Clock DVA - Advantage

Advantage

Advantage

イギリスのインダストリアル系バンドの3rd。
1970年代後半からよくノイズ・インダストリアル系にあるテープでのリリースを経て1980年にスロビッング・グリッセルの「インダストリアル・レコーズ」から1stという(この手の音楽に正統派という言葉は似つかわないが)正統派ノイジシャン。
が、このアルバム、ノイズとは呼べない(てか呼びたくない)ニューウェイヴ的ロック。というかポジティヴ・パンクやコールド・ファンク。1980年代中期以降、多くのノイジシャンが脱ノイズ化してダンスや他ジャンルに向かったが……。先陣を切ったキャブスの影響でも受けたのかな?同じシェフフィールドだしね。
しかし、エレクトロ・ファンク化したキャブスと比べるとこのアルバムはジョイ・デイヴィジョンやア・サーテン・レイシオを思わせる暗黒的で冷たいポジティヴ・パンク。
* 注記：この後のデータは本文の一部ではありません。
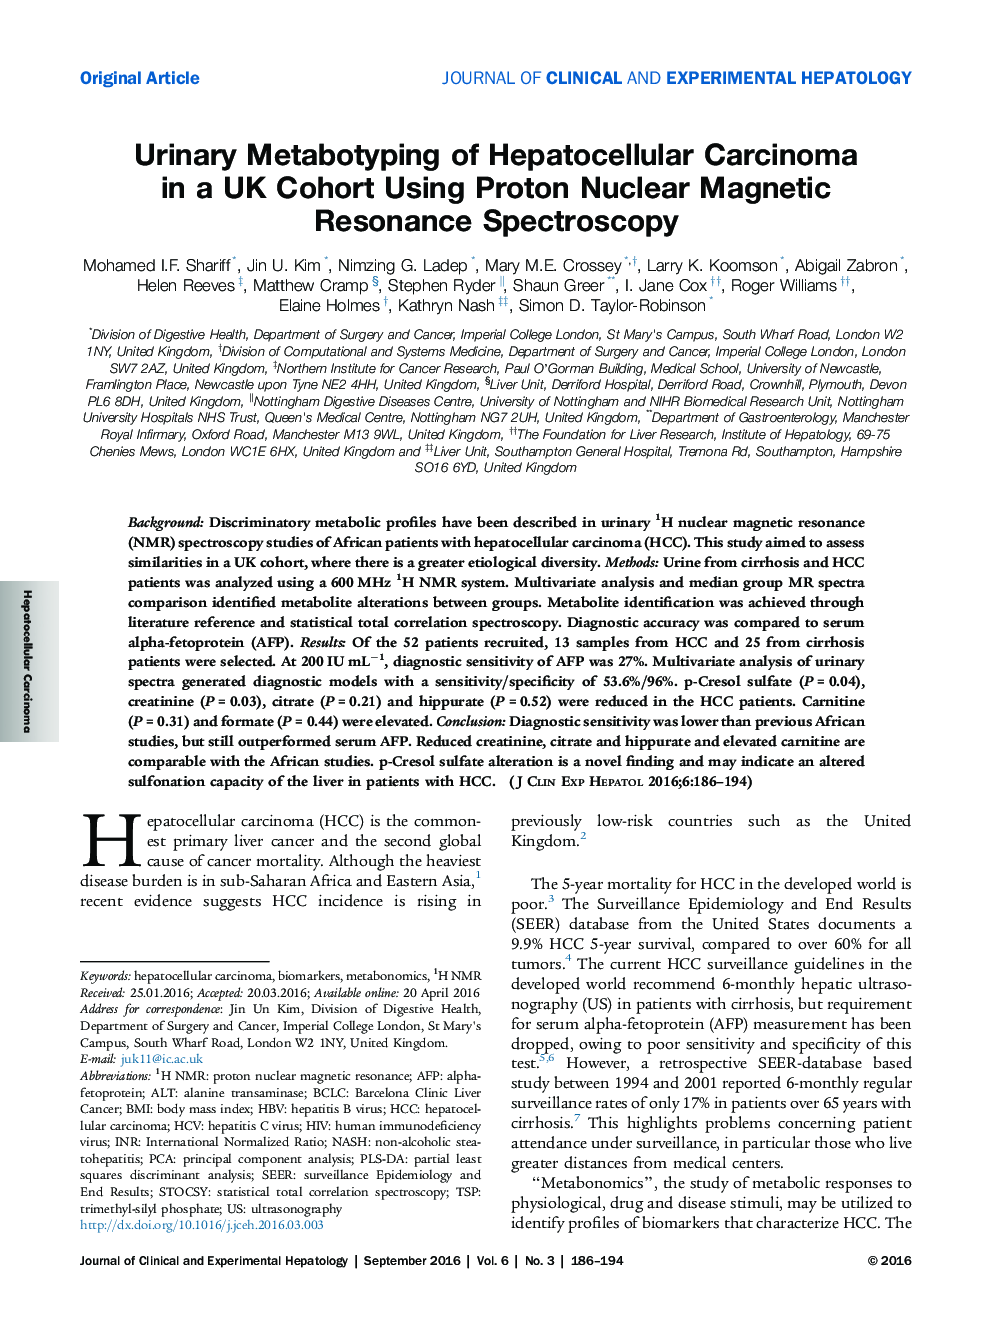 متابولیسم ادراری کارسینوم هپاتوسلولار در یک گروه کوهورت انگلستان با استفاده از طیف سنجی رزونانس مغناطیسی هسته پروتون 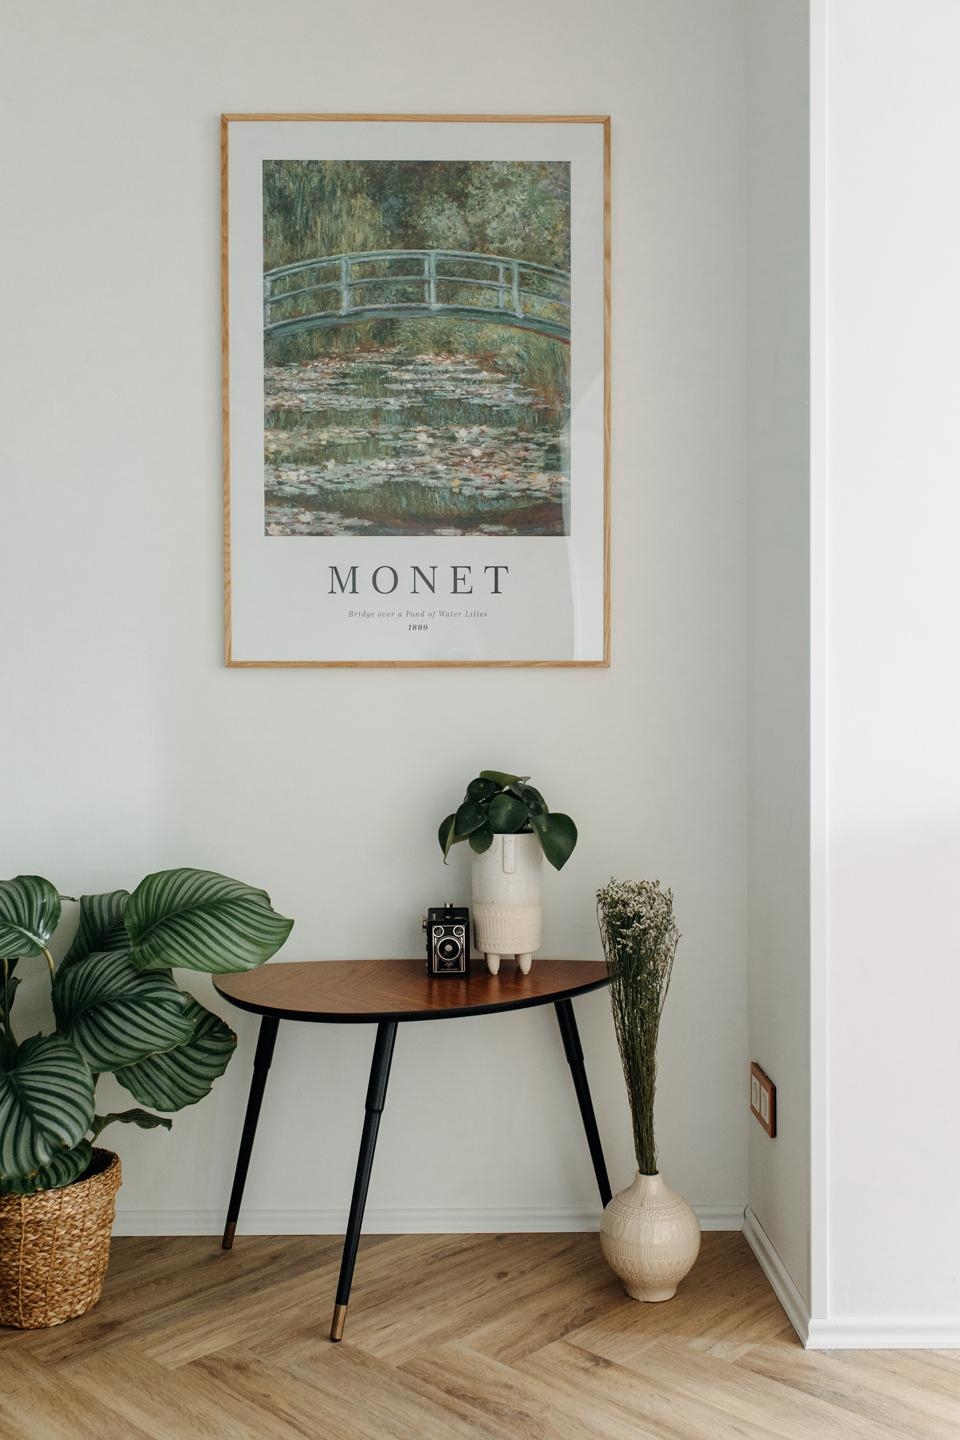 Große Monet-Liebe nun im Wohnzimmer :) #wohnzimmer #wandgestaltung #couchliebt #bohostyle #zimmerpflanze

また当時の23Skidooといったバンドが居た「イルミネイテッド・レコード」を匂わせるオルタナティヴ・ダンスでもあると思った。この手法をフル・エレクトロニックで表現すると1980年代後半のエレクトロニック・ボディ・ミュージックとなることは後期Clock DVAのアルバム群を聴くことで理解出来ると思う。
そう!ポジティヴ・パンクこそがEBMのルーツでもある。ジョイ・ディヴィジョンがよくカバーされること。キリング・ジョークの面子がミニストリーに参加したり、ピッグフェイスを始めたりするのにはこういう理由がある。特にキリング・ジョークの影響は凄まじく、ペイルヘッドやデッサウなんかを聴くとキリングをエレクトロニックに表現したことがよく解る。
ちなみに自分が持っているのはクロックDVAやパンコウが居たイタリアのエレボディ系レーベルから1990年代前半に再発されたCDだ。こういうことからも理解が出来ると思う。あと結構ピアノの音を使ってて(インダストリアル系にしては珍しいかも)NINのルーツでもあるかもしれない。お薦め。